Quelle est la signification de log n ?
O(log N) signifie essentiellement le temps augmente de façon linéaire tandis que le n augmente de façon exponentielle. Donc s'il faut 1 seconde pour calculer 10 éléments, il faudra 2 secondes pour calculer 100 éléments, 3 secondes pour calculer 1000 éléments, et ainsi de suite. C'est O (log n) lorsque nous divisons et conquérons le type d'algorithmes, par exemple la recherche binaire.
Qu'est-ce que O et log n ?
Pour l'entrée de taille n, un algorithme de O(n) effectuera des étapes proportionnelles à n, tandis qu'un autre algorithme de O(log(n)) effectuera des étapes environ log(n). Il est clair que log(n) est plus petit que n donc l'algorithme de complexité O(log(n)) est meilleur.

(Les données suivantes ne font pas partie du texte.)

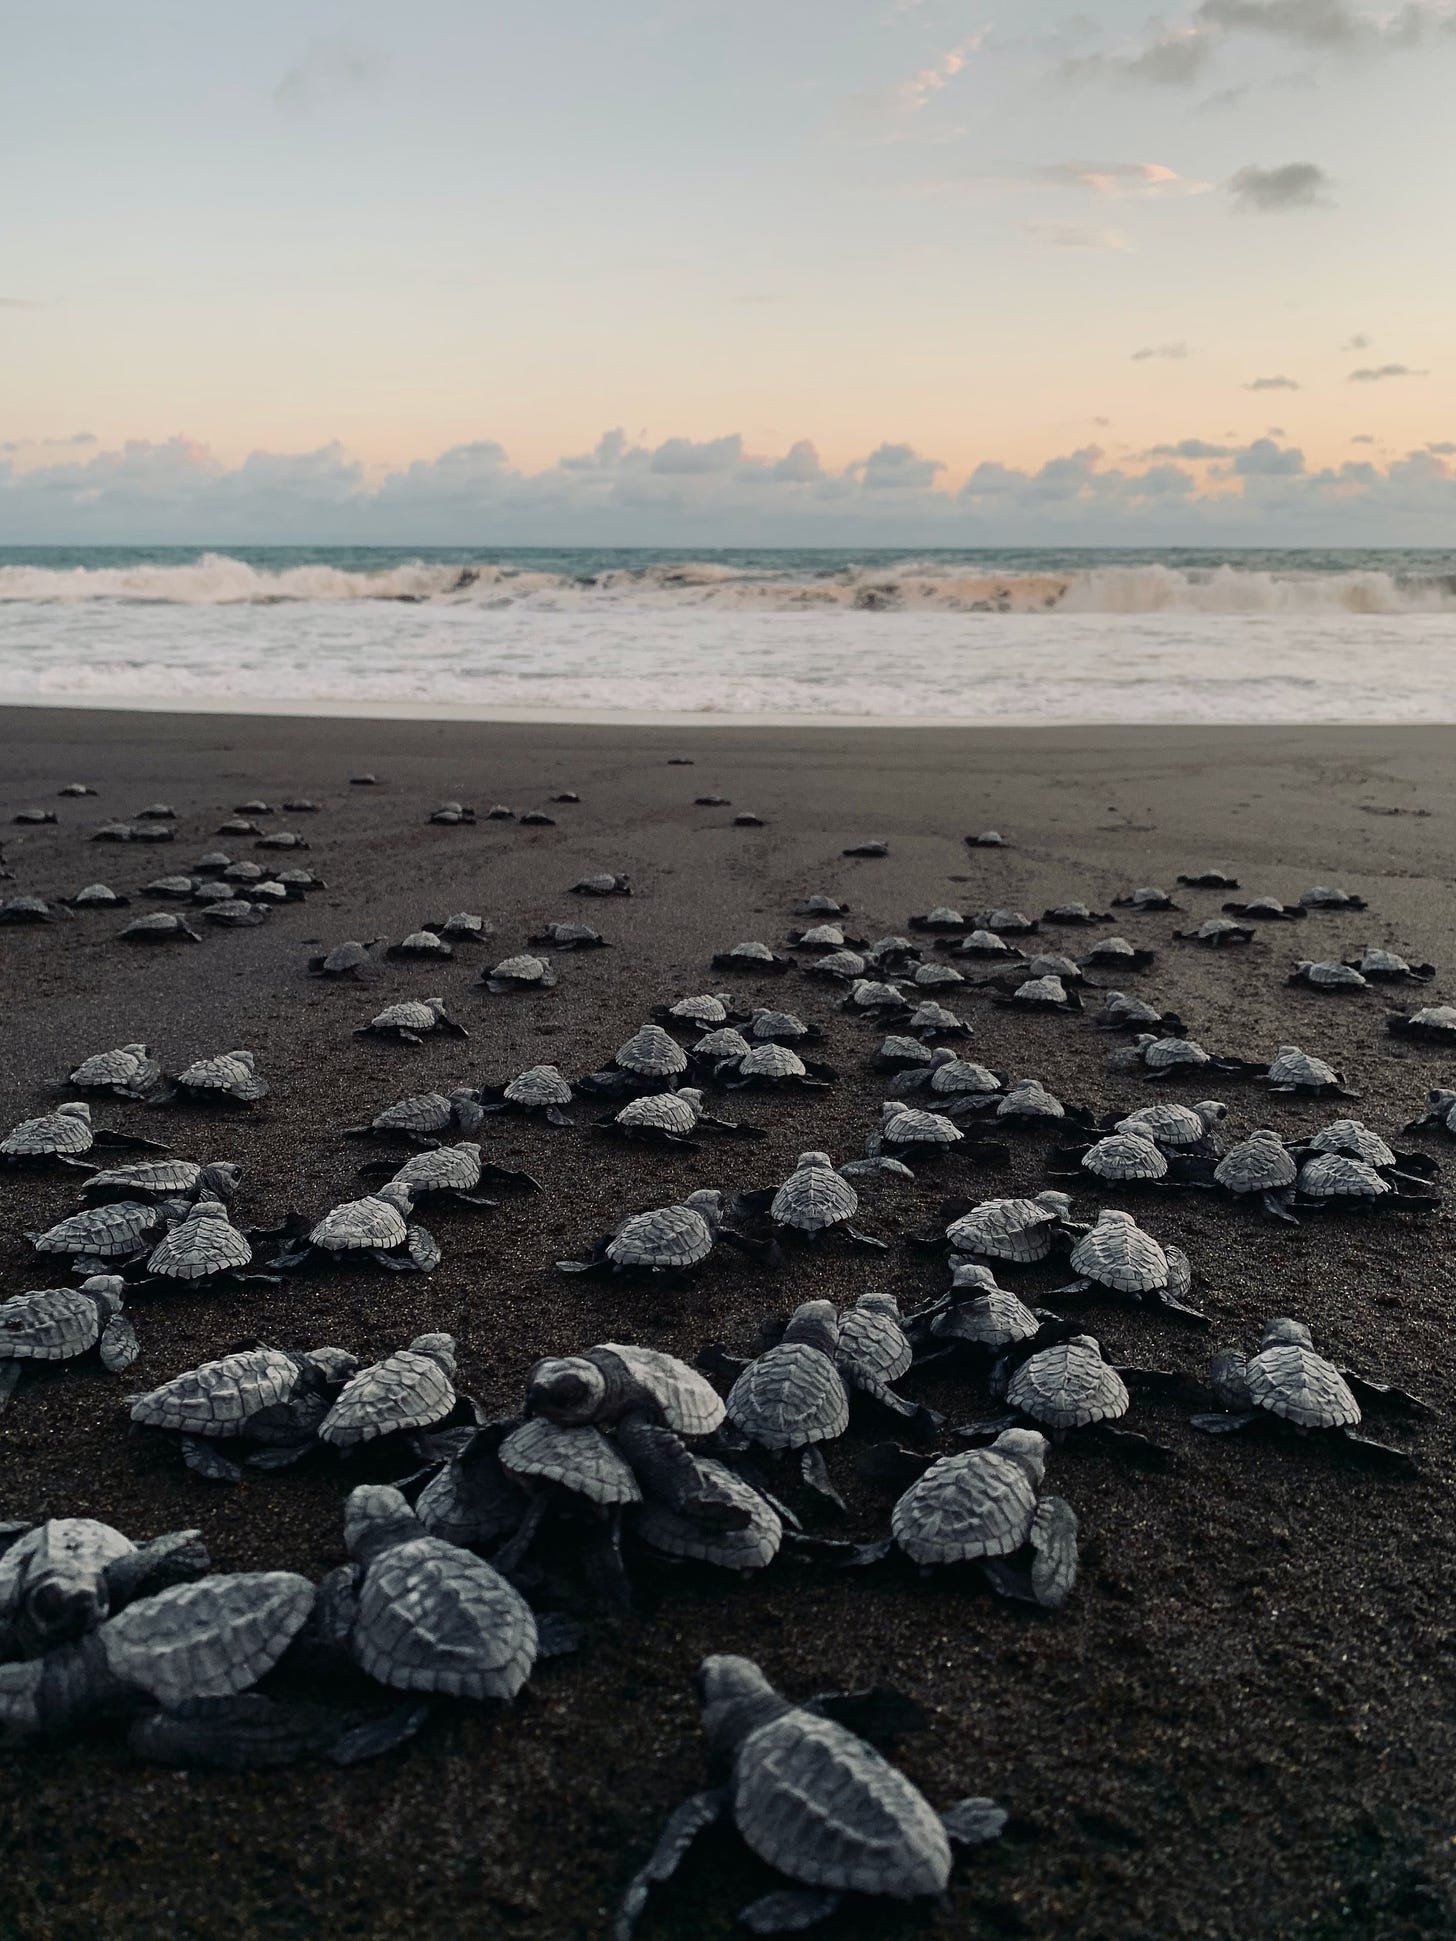 Dozens of baby turtles marching to the ocean.
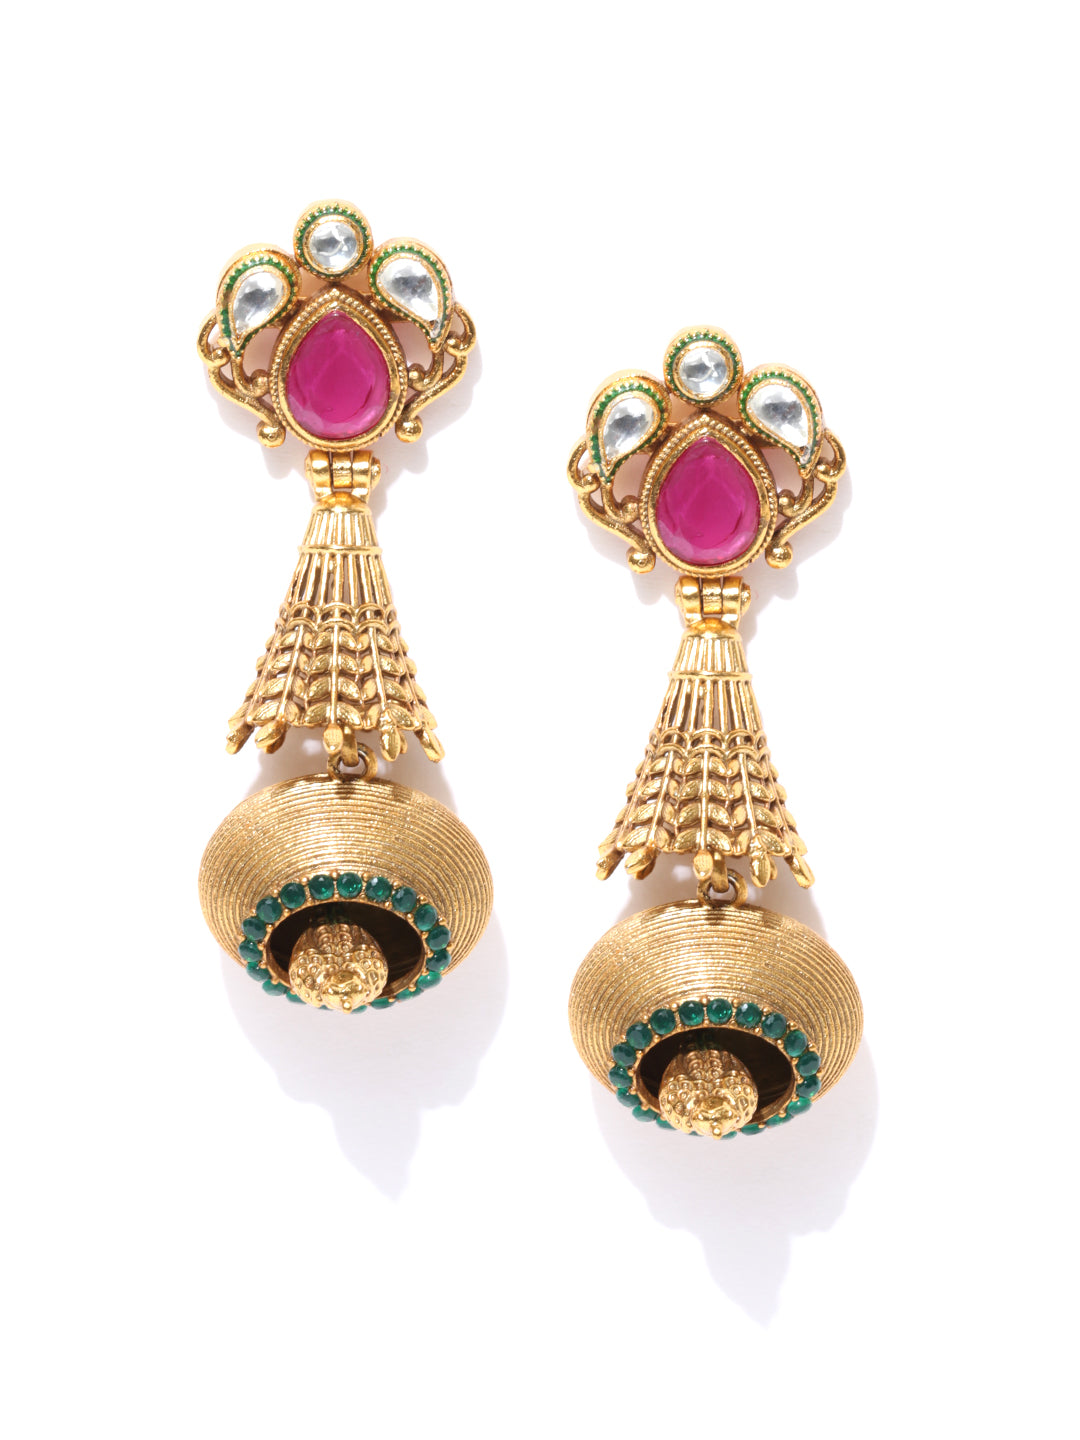 Gold-Plated Stones Studded Drop Earrings in Pink and Green Color

Comment calculer le log n ?
L'idée est qu'un algorithme est O(log n) si au lieu de faire défiler une structure 1 par 1, vous divisez la structure en deux encore et encore et faites un nombre constant d'opérations pour chaque division. Les algorithmes de recherche où l'espace de réponse continue d'être divisé sont O(log n).
Qu'est-ce que log n Square ?
Log ^2 (
) signifie qu'il est proportionnel au log du log pour un problème de taille
. Log(
)^ 2 signifie qu'il estproportionnel au carré du log.